Why a plain request fails on Booking.com
If you request a Booking.com search URL with a bare HTTP client, you rarely get the property cards back. Two things work against you. First, Booking.com renders the results list in the browser with JavaScript, so the initial HTML is a near-empty shell until the page's scripts run. Second, Booking.com watches for automated traffic: datacenter IPs and request patterns that do not look like a real browser get challenged with a CAPTCHA, rate-limited, or blocked before they ever reach the rendered listings.
So a working scraper needs two things in one request: a browser that actually renders the page, and an IP the platform reads as a real visitor. You can assemble that yourself with a headless browser plus a pool of rotating residential proxies, but keeping that stack healthy is most of the work. The Crawling API folds both into a single call: you send it the URL, it renders the page behind a trusted IP, and it returns finished HTML for you to parse with Cheerio.
The Crawling API gives you two tokens: a normal one and a JavaScript one. Booking.com needs the page rendered in a real browser, so use your JavaScript token for every request in this guide. The normal token returns the unrendered shell and your selectors will come back empty.
Prerequisites
You need a few things in place before writing any code. None of them take long.
Basic JavaScript and Node.js. You should be comfortable writing and running a Node script, installing packages with npm, and working with asynchronous code. For a fuller walkthrough, our guide to building a web scraper with Node.js covers the basics.
Node.js 16 or later.

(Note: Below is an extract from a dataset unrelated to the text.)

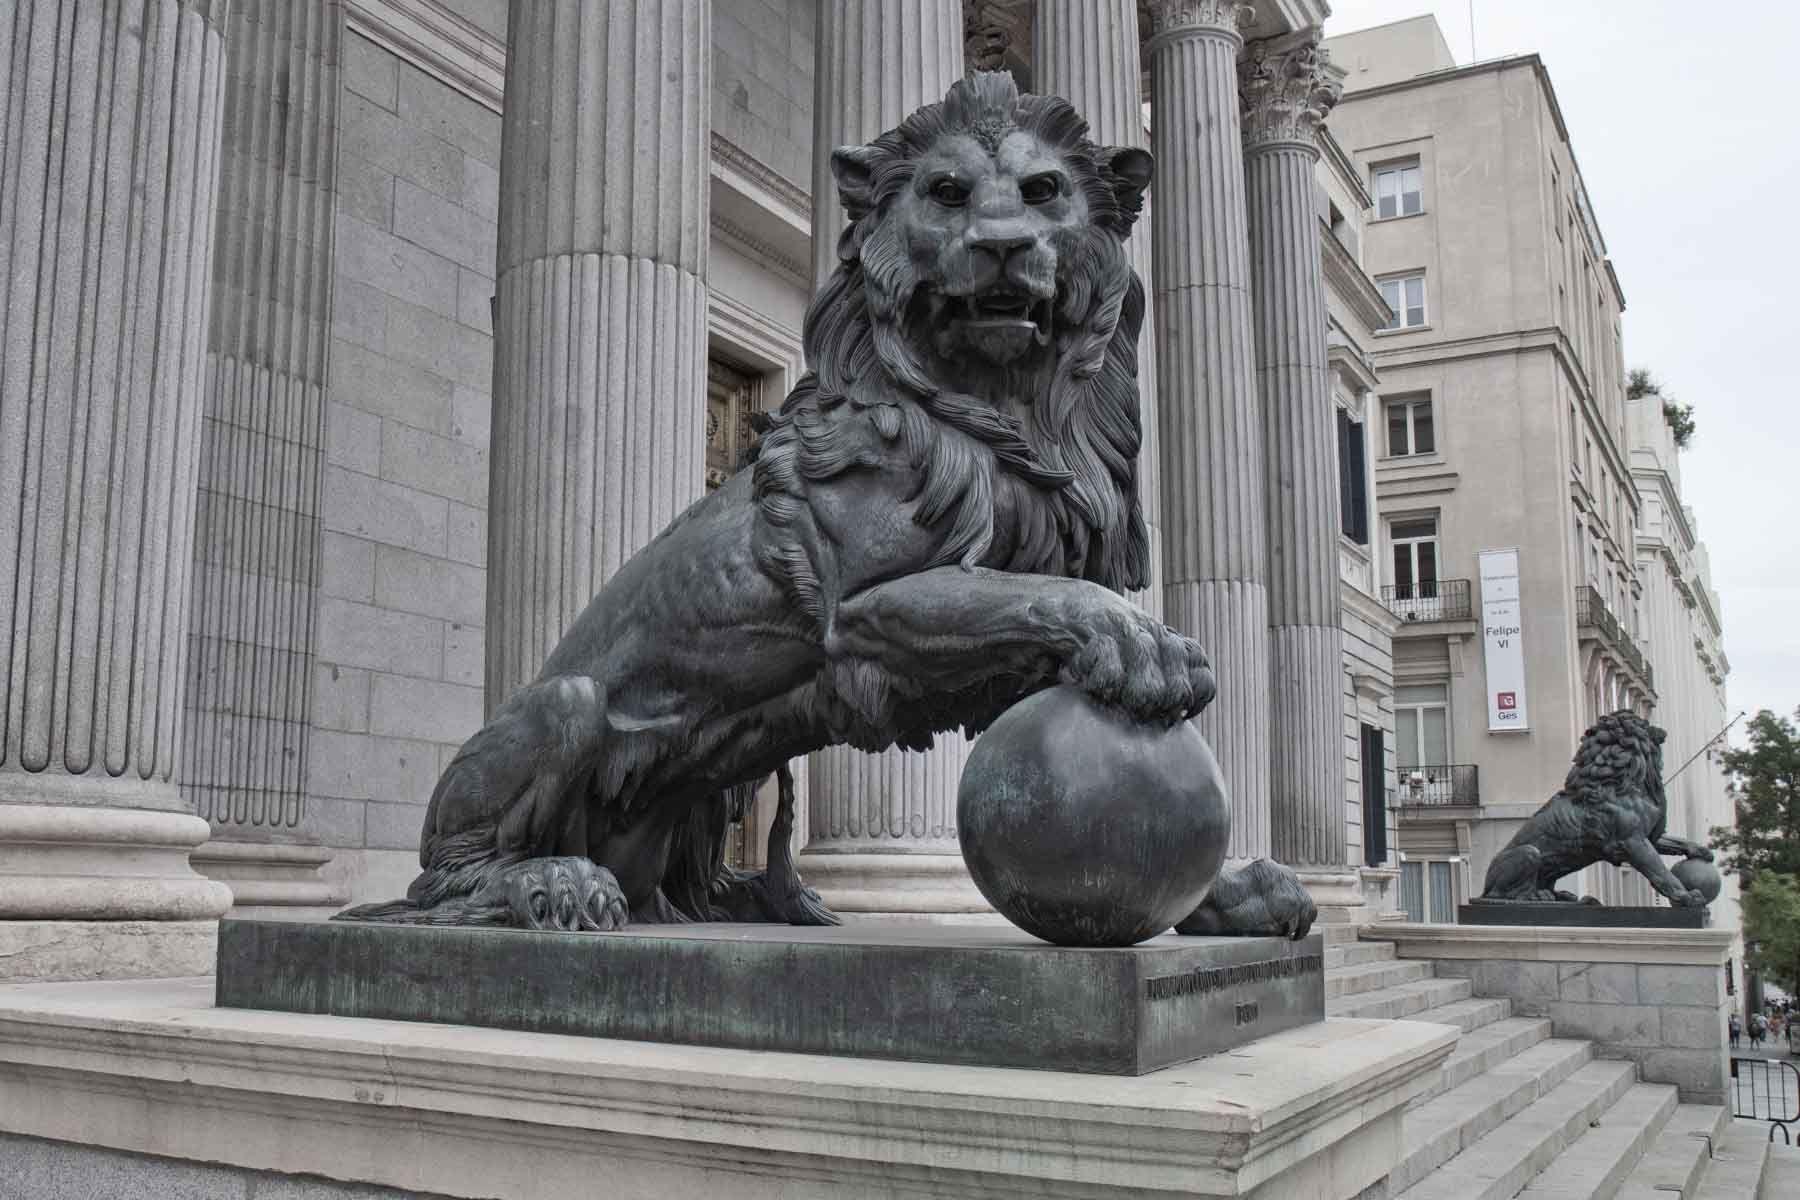 Lion statue outside congress Madrid. Google 搜索 Statue

Confirm your version with node --version. If you do not have it, install it from the Node.js website or through a version manager like nvm.
A Crawlbase account and token. Sign up, open your dashboard, and copy your JavaScript token from the account docs page. The free tier gives you 1,000 requests with no card, and you only pay for successful requests. Treat the token like a password: it authenticates your requests, so keep it out of version control.
Set up the project
Create a project folder, initialize it, and install the two libraries the scraper needs.
node --version mkdir booking-scraper && cd booking-scraper npm init -y npm install crawlbase cheerio
Two dependencies do the work: crawlbase is the official Node client for the Crawling API, and cheerio parses the returned HTML with a jQuery-style API so you can pull out individual fields by CSS selector. Create a file named scraper.js in this folder and add the code from the steps below.
Step 1: Fetch the rendered search page
Start by getting the finished page. Import the CrawlingAPI class, initialize it with your JavaScript token, and request a public Booking.com search-results URL. Checking the status code before you parse keeps failures loud instead of silent.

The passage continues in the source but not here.